Likewise, when I scrolled through a different post, I found a single sentence^[2] that made me realise something I thought was profound. I actually disagree with the main thesis of the post, but my policy is insensitive to such trivial matters, so I gave it a strong upvote. I don't really care what they think or what I agree with, what I care about is learning something.

^{^}
"What they believe is tangential to how the patterns behave in your own models, and all that matters is finding patterns that work."
From a comment on reading to understand vs reading to defer/argue/teach.
^{^}
"The Waluigi Effect: After you train an LLM to satisfy a desirable property , then it's easier to elicit the chatbot into satisfying the exact opposite of property $P$ ."

Jack LewarsJun 15 20233

You might enjoy the book 'Thanks for the Feedback', which basically emphasises this point a lot.

NickLaingJun 10 20232

Thanks I really like this, and would appreciate some examples so I can get my head around this. It might be hard without being uncharitable, but I struggle to think of concrete examples at thte moment.

Jack LewarsJun 15 202321

I guess any of the following might be examples (emphasis on might):

it seems bad to buy expensive historic buildings, which don't seem fit-for-purpose for the proposed use case and have really high running costs - but the people involved are really smart, so...
it seems bad to fly people to the Bahamas to do coworking and collaboration, and like this is being driven by a billionaire's desire for company and personal convenience. It seems like this wouldn't be the method you would choose if you were starting from a point of maximising impact and cost-effectiveness - but the people seem really smart
it seems bad that the largest recipients of funding from the FTX Future Fund are organisations where one of the FTX grantmakers sits on their Board, but...
it seems very very very bad to say you would take the bet every time, if someone told you that there was a 51% chance that you'd double the universe and a 49% chance that you'd destroy it, but...
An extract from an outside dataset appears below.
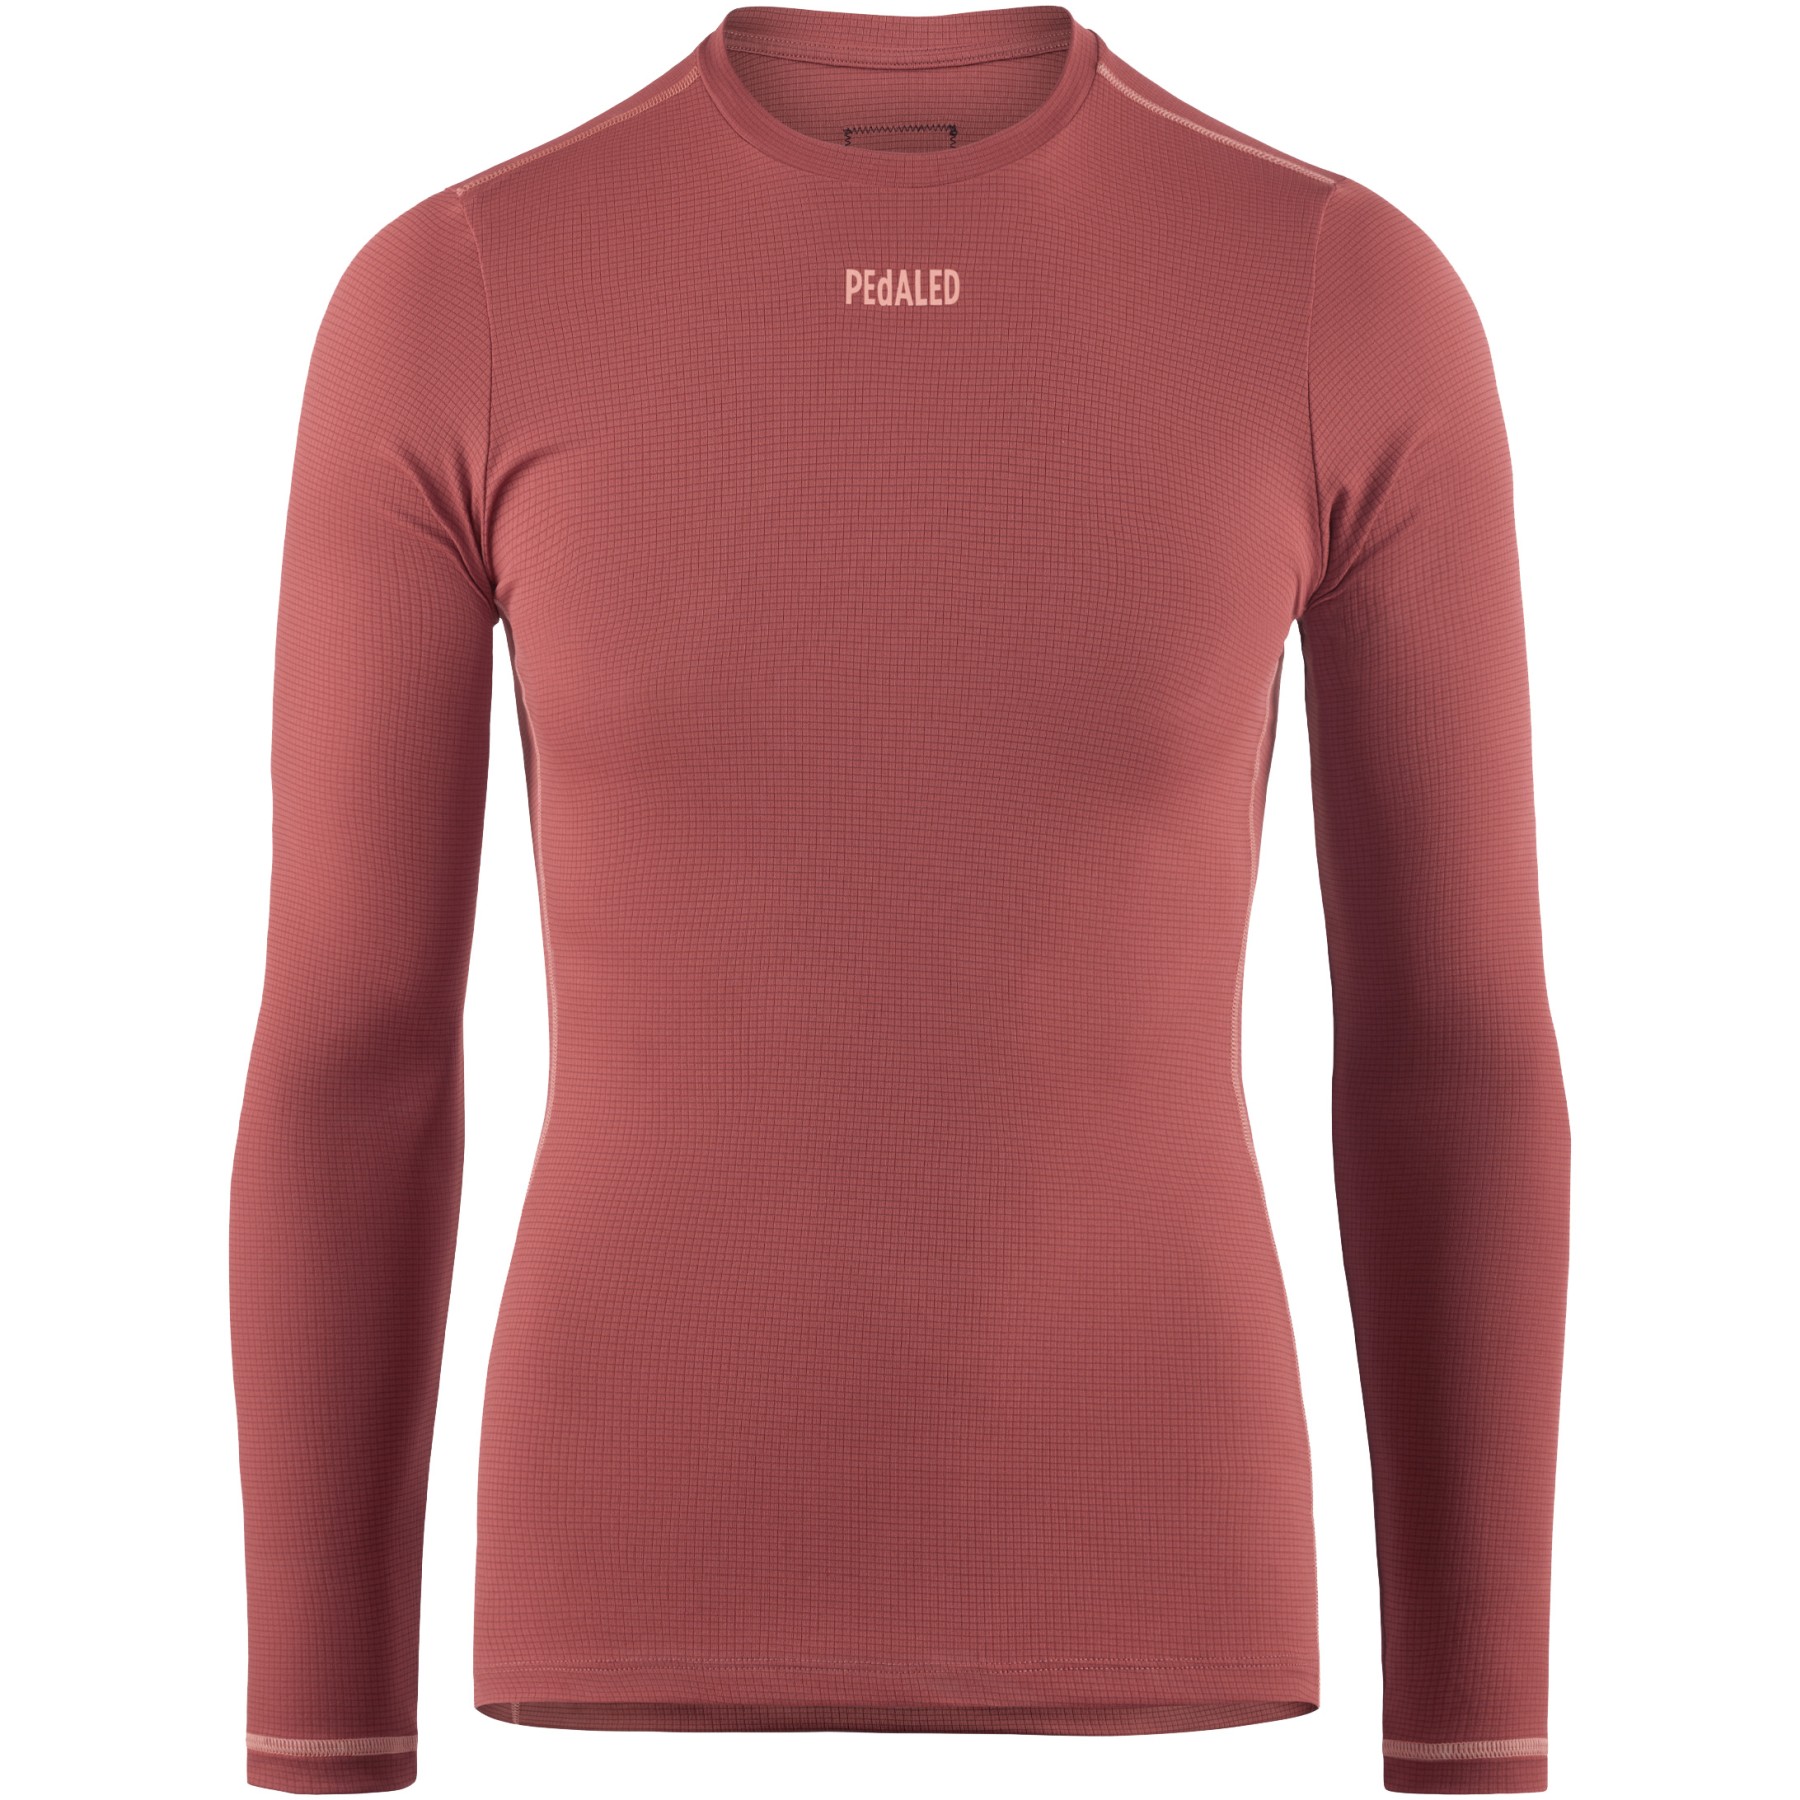 Produktbild von PEdALED Odyssey Langarm-Unterhemd Damen - Dark Red

I'm not sure if people did defer to these arguments because of the people making them rather than a sincere belief that they are good, but it seems at least possible (especially the last one).

NickLaingJun 15 20233

Fantastic examples, I understand it better now

And 100% agree with you that I assessed all of those examples above and was bewildered that so many people seemed to defend them, often based on the fact that "smart and good people" had made the decision

Nice one

MichaelPlantJun 15 20232

Or, senior AI researcher says that AI poses no risk because it's years away. This doesn't really make sense - what will happen in a few years? But he does seem smart and work for a prestigious tech company, so...

Benny SmithJun 12 20231

Thanks for writing this! Seems useful to have a term for excessive charitability. Being able to point at it succinctly might help mitigate information cascades.